Even the best CAR T cells may falter if the tumor immune microenvironment (TIME) remains hostile. Brain tumors in children (and adults, too) often create an immunosuppressive region that hides them from immune attack or weakens T-cell responses through the signaling of cytokines like IL-10 and transforming growth factor (TGF)-beta. In the case of TGF-beta, researchers revealed that making CAR T cells resistant to its effects can enhance their antitumor activity in preclinical models of glioma. 

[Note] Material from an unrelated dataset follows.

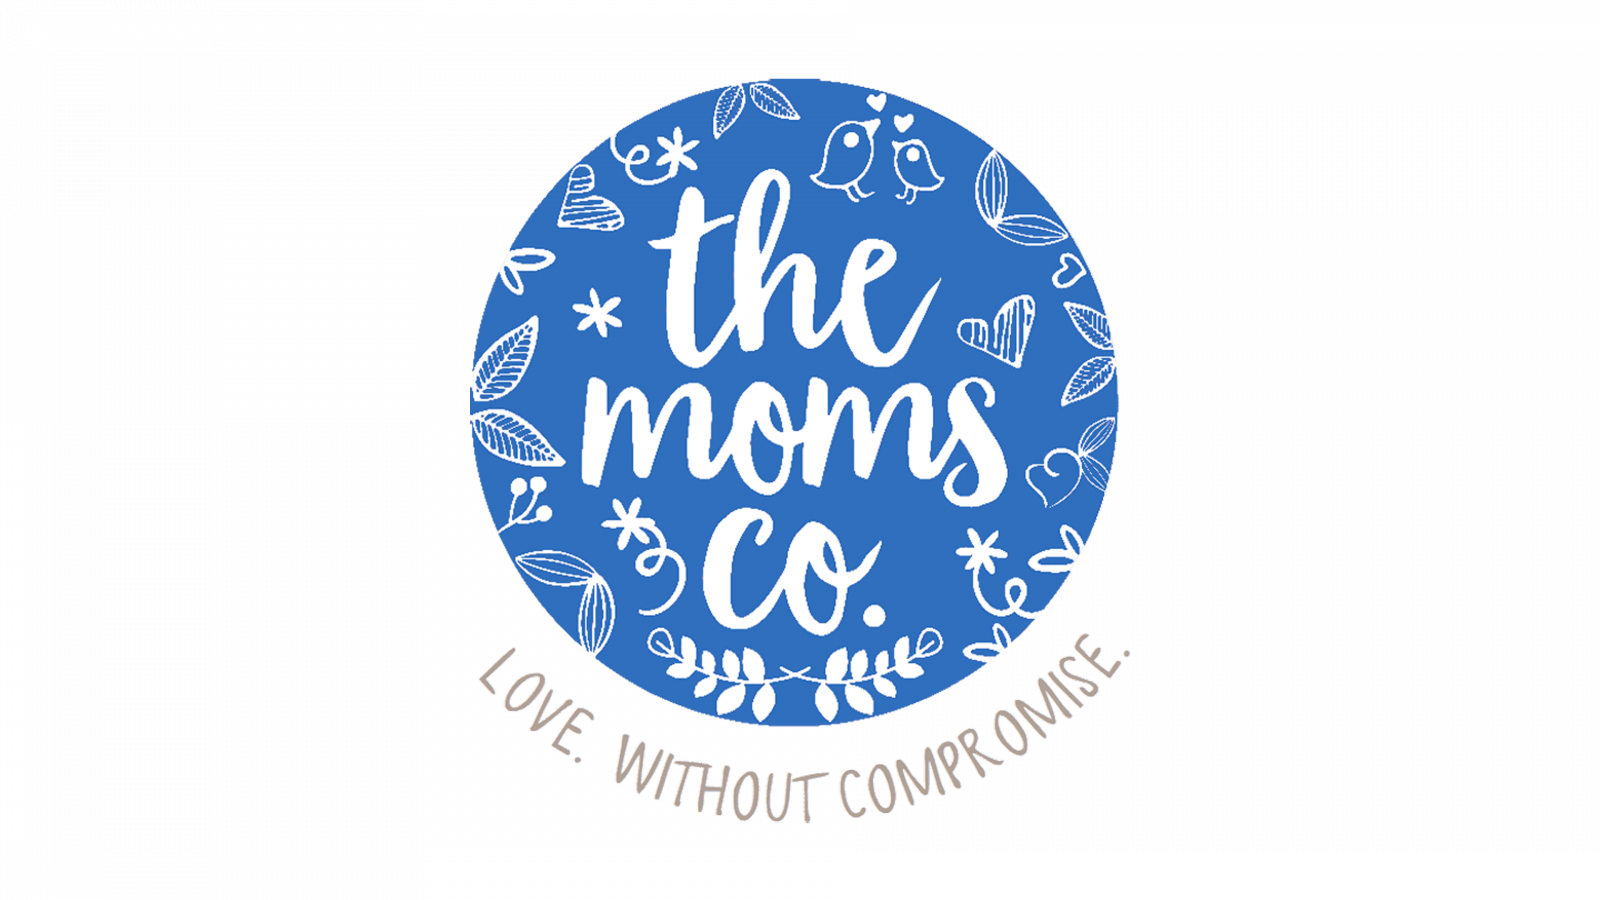 The Mom's Co
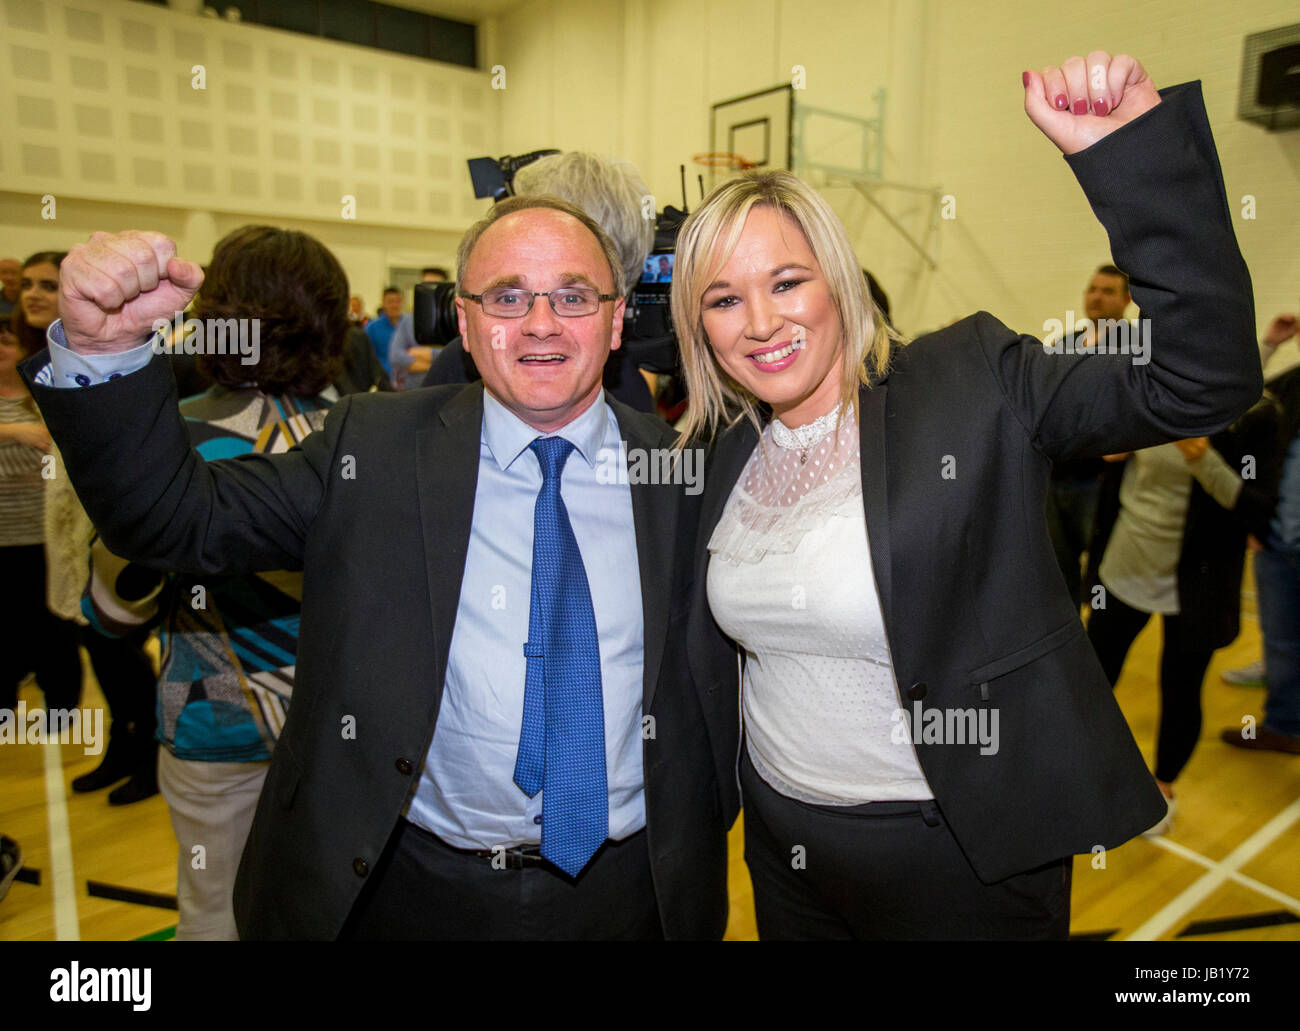 Newly elected Sinn Fein MP for West Tyrone Barry McElduff MP (left) with Sinn Fein leader in Northern Ireland Michelle O'Neill, at the Omagh Leisure Complex, Co Tyrone. Stock Photo

Other strategies to improve the durability and persistence of CAR T cells in the body involve designs that equip them with an always-signaling IL-7 receptor or enable them to produce bispecific T-cell engagers that target cancer cells while rallying the body’s natural T cells. All of these tweaks aim to prevent the cancer from finding loopholes and to keep CAR T cells active against cancer longer. 

Combining other therapies along with CAR T-cell therapies could also help tip the TIME balance against the tumor, including with immune checkpoint inhibitors, which can boost T-cell responses, and therapies that modify the epigenetic patterns that impact which genes cells are activated. These latter therapies can affect cancer cells directly as well as alter immune cell activity. Efforts to reshape the local tumor microenvironment in preclinical models show that such strategies might be able to help CAR T cells sustain a more durable response in patients, too.